- Born: William Alfred Churchman 23 August 1863 Ipswich, Suffolk, England
- Died: 25 November 1947 (aged 84)
- Occupations: Tobacco manufacturer, public servant

= William Churchman =

English tobacco manufacturer and public servant

Colonel Sir William Alfred Churchman, 1st Baronet, (23 August 1863 - 25 November 1947) was an English tobacco manufacturer and public servant.

Churchman was born in Ipswich, Suffolk. He went into partnership with his brother, Arthur, in the family tobacco firm which had been founded by their great-grandfather in 1790. This was renamed W. A. & A. C. Churchman. It was later absorbed by the tobacco combines and Churchman became a director of the Imperial Tobacco Company.

Churchman was a staunch Conservative and was elected mayor of Ipswich in 1901. In 1911, he became a justice of the peace for Suffolk.

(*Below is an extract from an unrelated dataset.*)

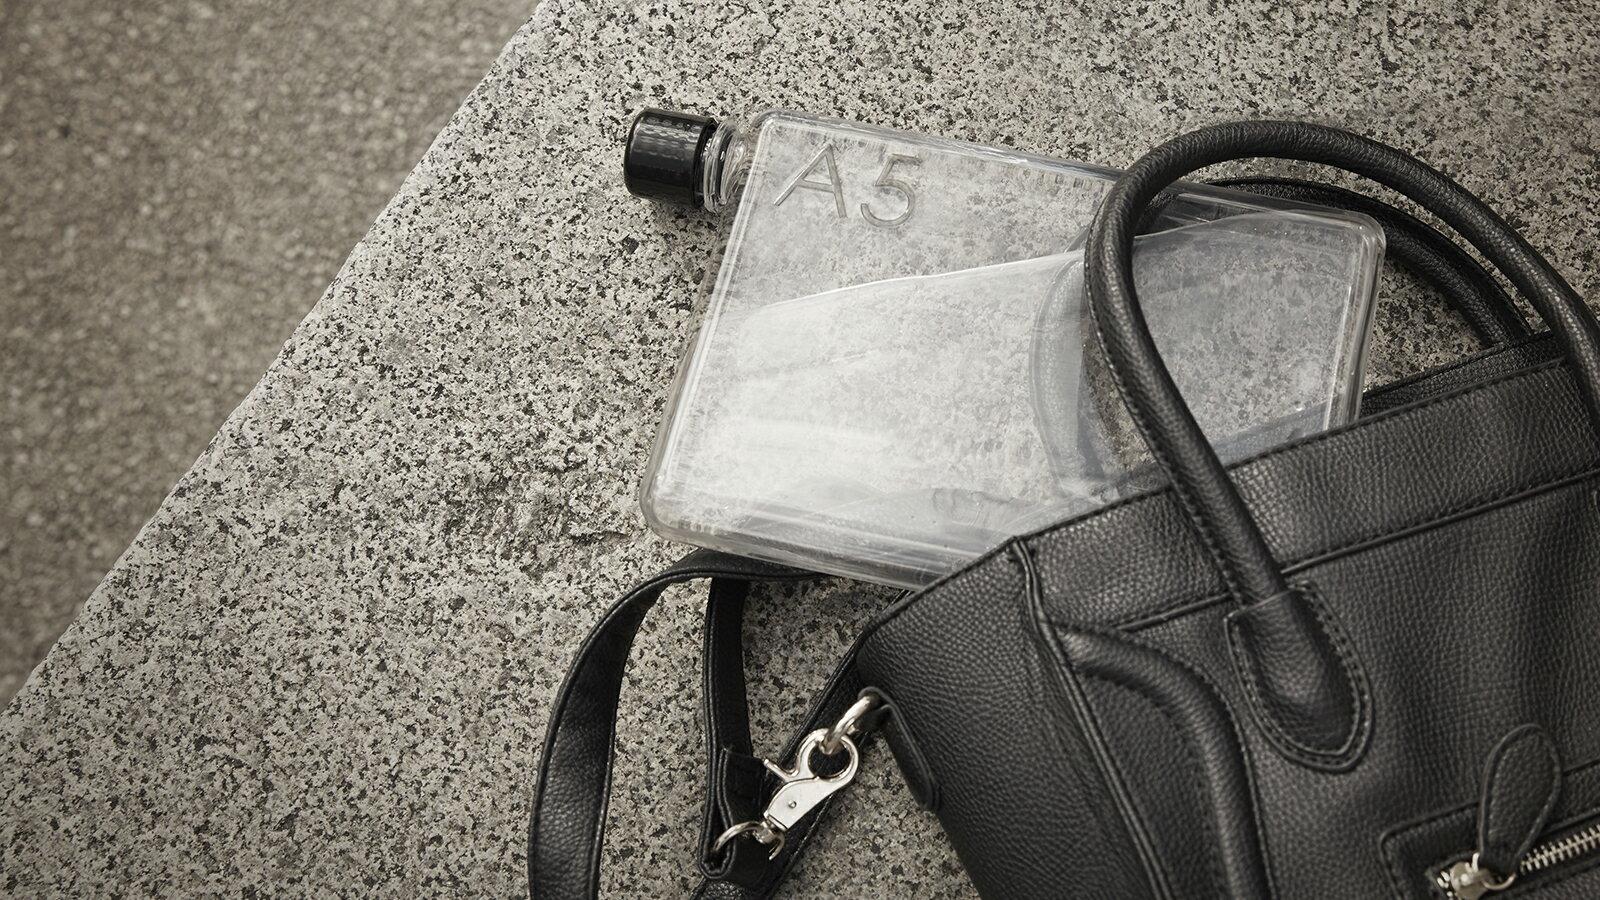 Memobottle A5 無毒環保旅行水壺 時尚水壺 澳洲設計 台灣製造 7
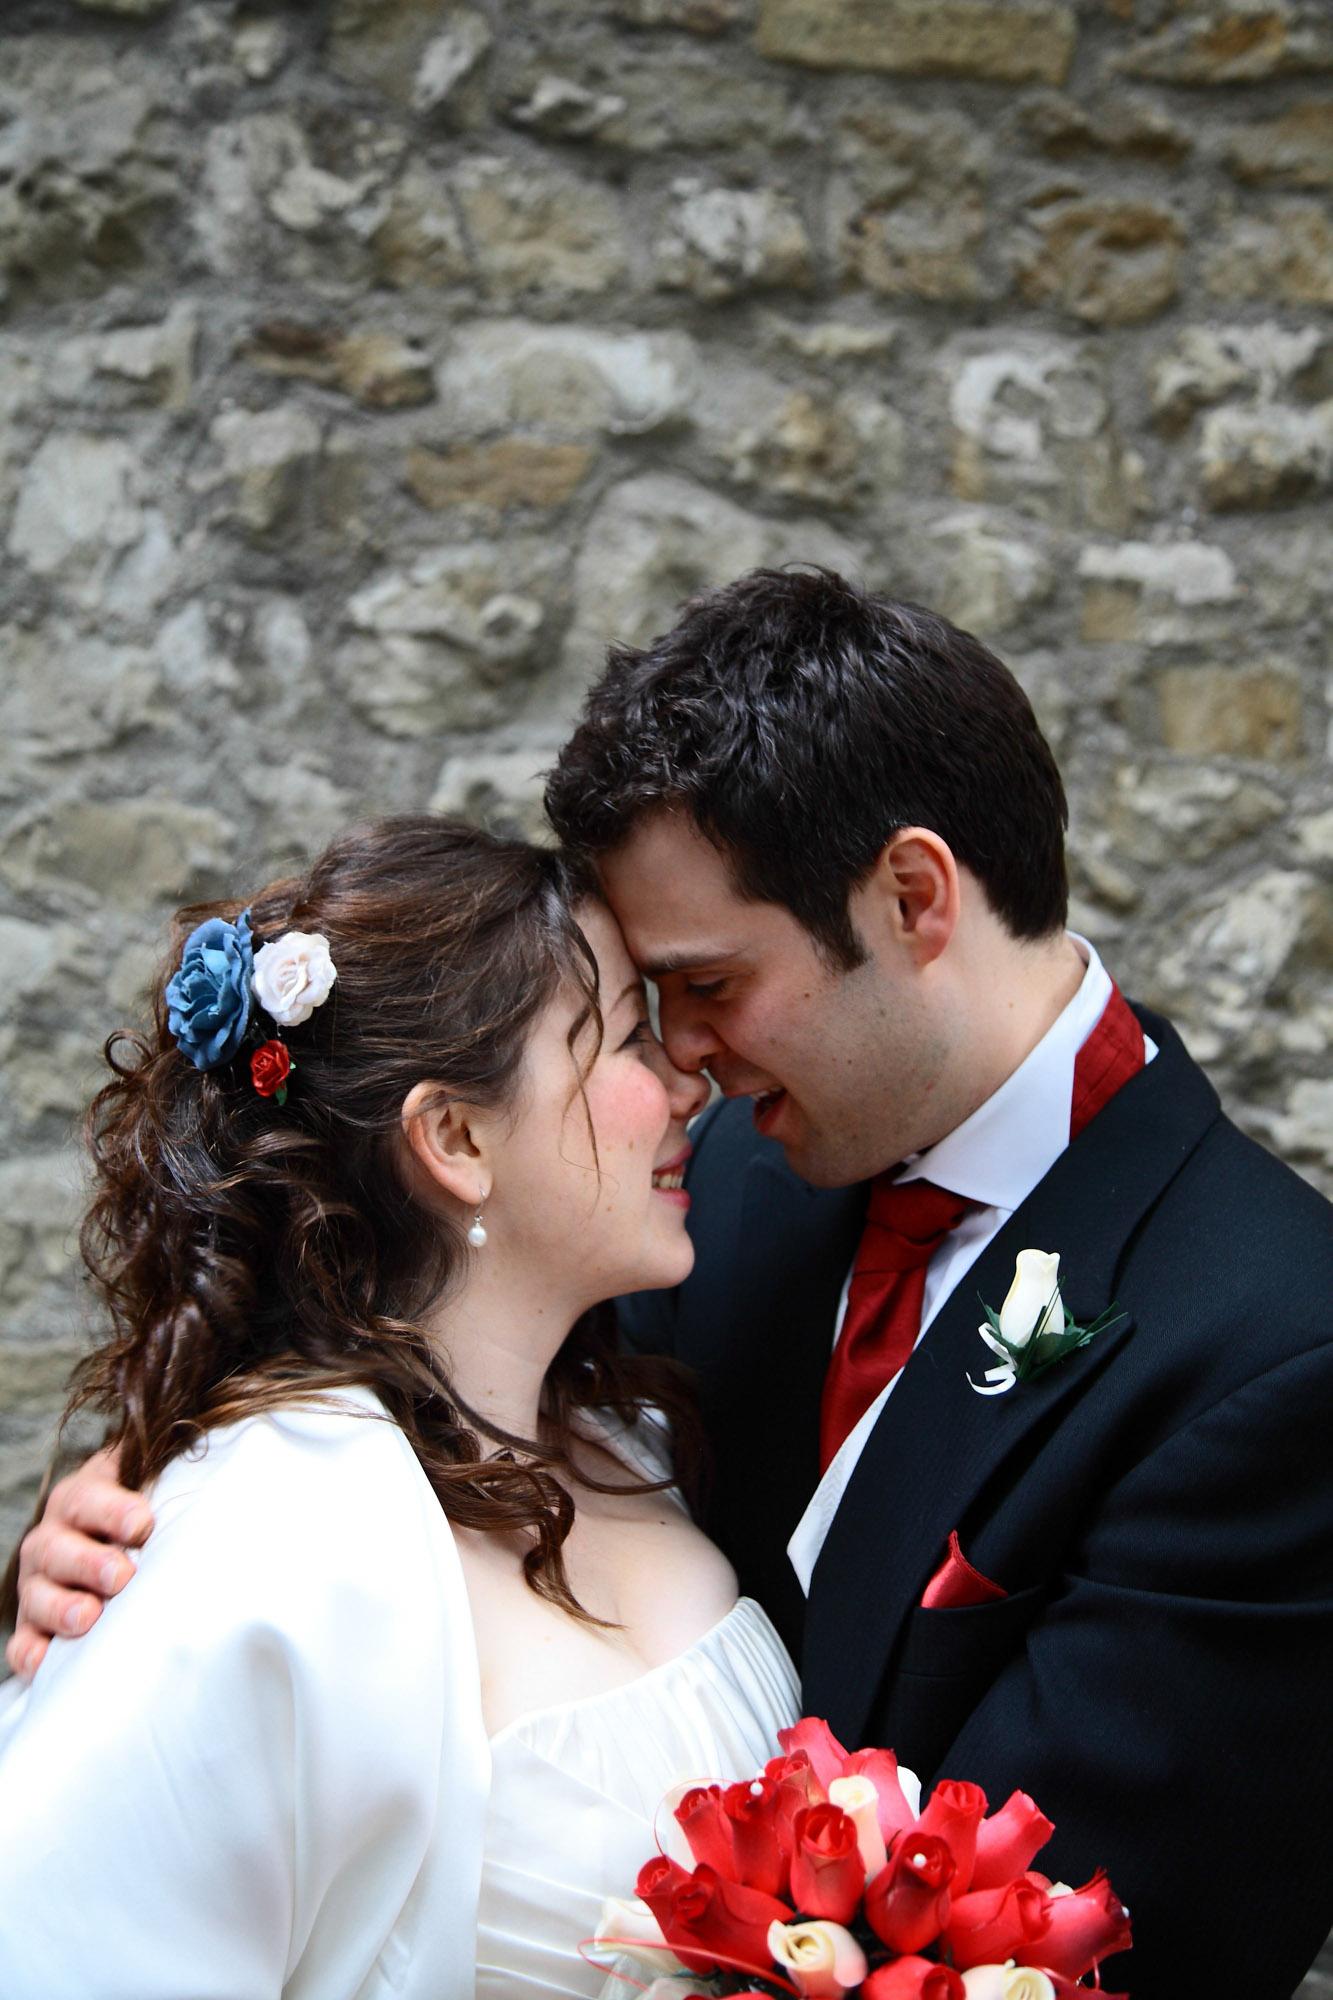 weddings-couples-love-photographer-oxford-london-jonathan-self-photography-82.jpg

Churchman was commissioned lieutenant in the 1st Suffolk Rifle Volunteers (later 1st Volunteer Battalion, Suffolk Regiment) in 1885, and promoted captain in 1890 and major in 1899. In 1905 he was granted the honorary rank of lieutenant-colonel, in 1906 he was promoted substantive lieutenant-colonel, and later that year he was granted the honorary rank of colonel. In 1908 he took command of the 4th Battalion, Suffolk Regiment in the new Territorial Force. He retired in 1912, but returned to command the battalion's recruiting section at the outbreak of the First World War. He was later appointed director of the Nitrate Section of the Ministry of Munitions. For these services he was knighted in the 1920 New Year Honours, having the honour conferred on 25 June 1920. He was created a Baronet of Melton, in the County of Suffolk on 29 June 1938, which became extinct upon his death.